Since I have little report on today, I thought I’d share a little history of the Abacos:
The Abacos were settled in 1783 by English colonists who remained loyal to the crown after the American Revolutionary War, which is why the settlements like Hope Town on Elbow Cay and New Plymouth on Green Turtle Cay have the look of New England fishing towns complete with picket fences and gingerbread trim – of course with the distinctive Bahamian touch of pastel colors.

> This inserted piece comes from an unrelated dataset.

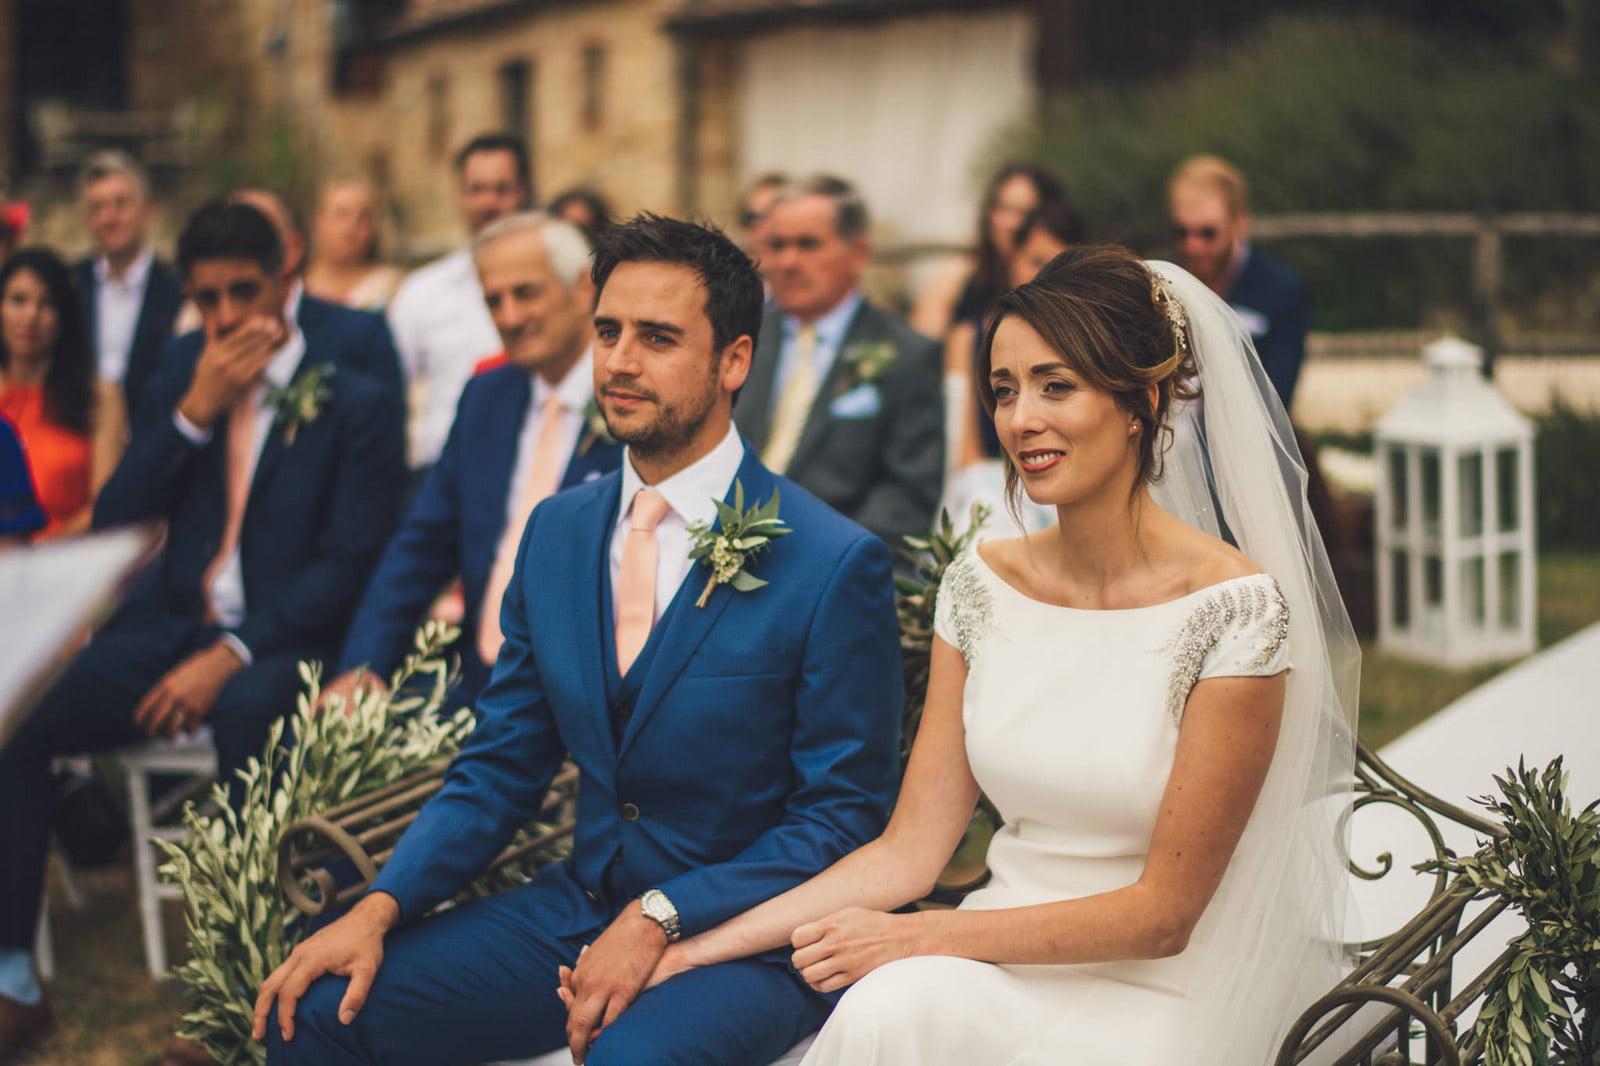 054-wedding-tuscany-san-galgano-federico-pannacci-photographer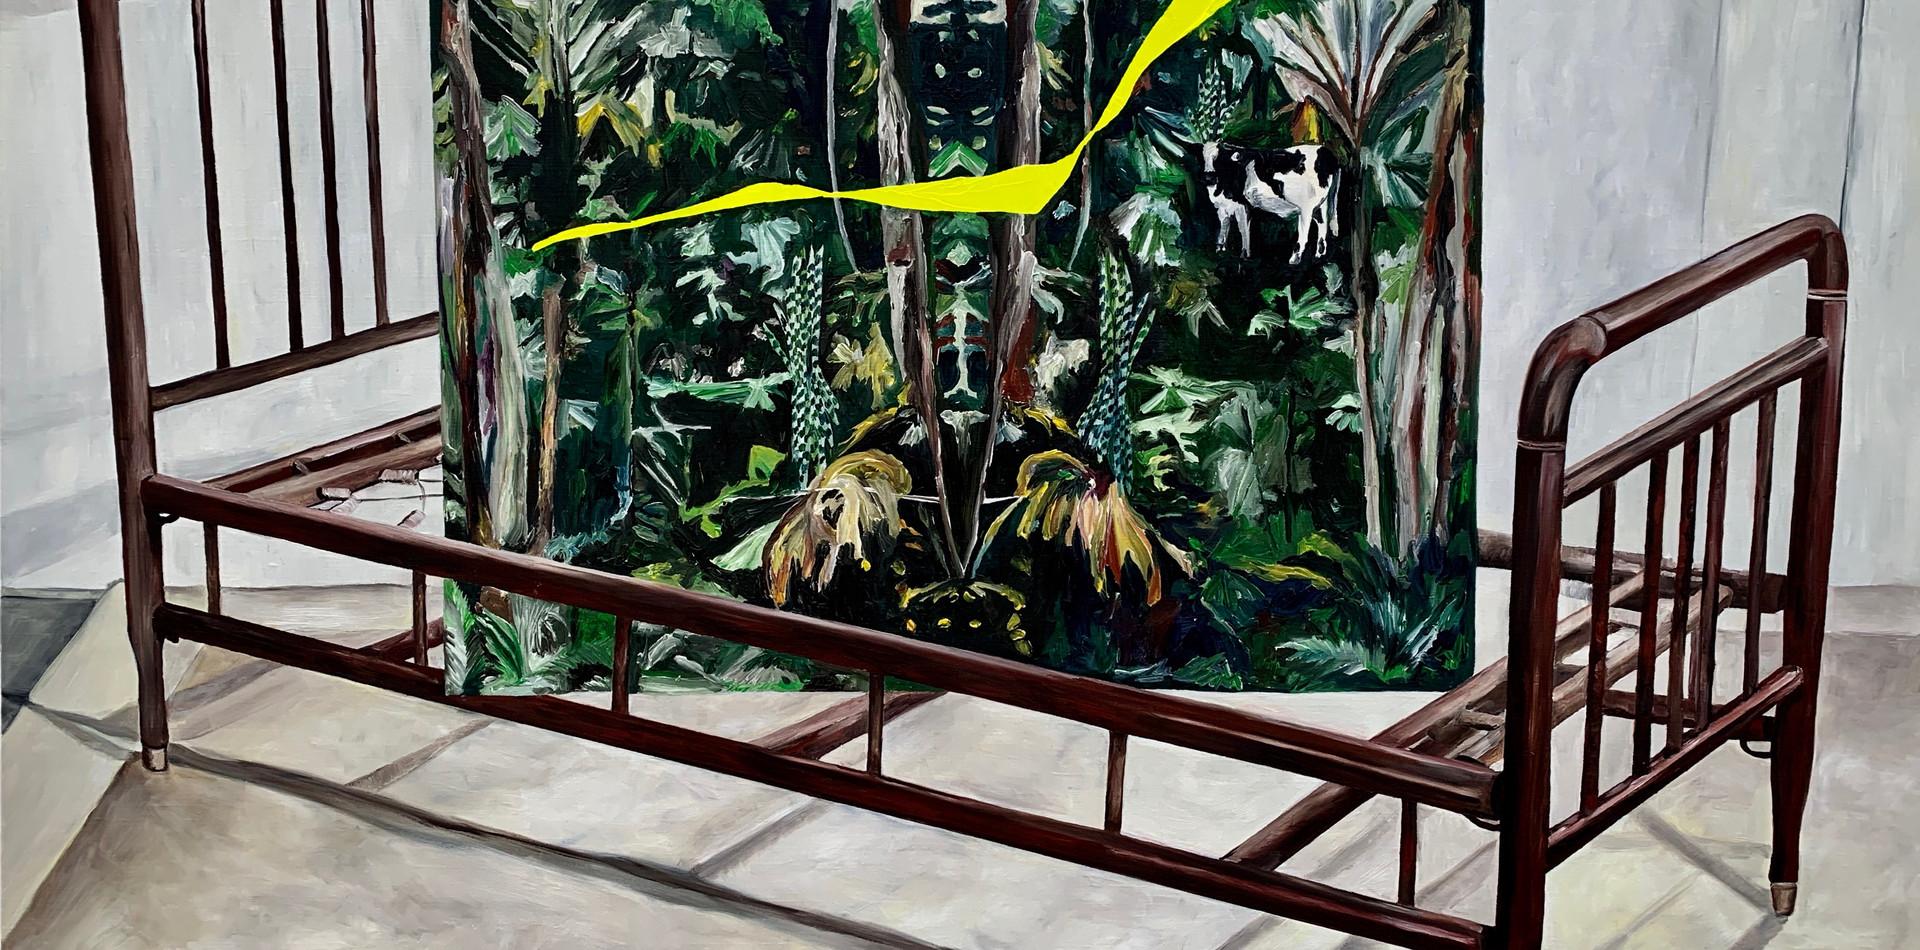 Paradise III   2019 Óleo sobre tela/ oil on canvas 70 x 100 cm

They were basically planters, but they soon discovered their future, and ultimate survival, depended on a partnership with the sea. After initially establishing settlements on mainland Abaco, they discovered the protection of snug little harbors on a string of outer cays protected offshore by the world’s third largest barrier reef. Here they built villages and ships, and while they continued farming the mainland, they grew more dependent on the sea for a livelihood. They became wreckers, or ship salvagers, fishermen and expert carpenters whose clapboard homes resembled those in New England. Today, the partnership with the sea is as strong as ever, with small, friendly resorts and numerous marinas. The Bahamas were a British colony until 1973 and are now an independent member of the British Commonwealth with a parliamentary democratic system of government. 

The Bahamas consists of 29 islands and 661 cays. Most of the Bahamian islands are located on banks, very unique geologic structures that rise thousands of feet from the deep ocean floor and have only 10-40 feet of water over their flat tops. They are huge underwater plateaus with higher areas, which protrude about the ocean’s surface to form the islands.

Views from Gillum Bay
You just can't get tired of a view like this
Mo Mo's Sugar Shack...a great place to get fresh bread

2 comments:

  1. Hope Stan is recovering quickly. Lovely photos of the turquoise water. We are still working our way south and hope to hop over in 3 weeks if all goes well. Hope we connect. :)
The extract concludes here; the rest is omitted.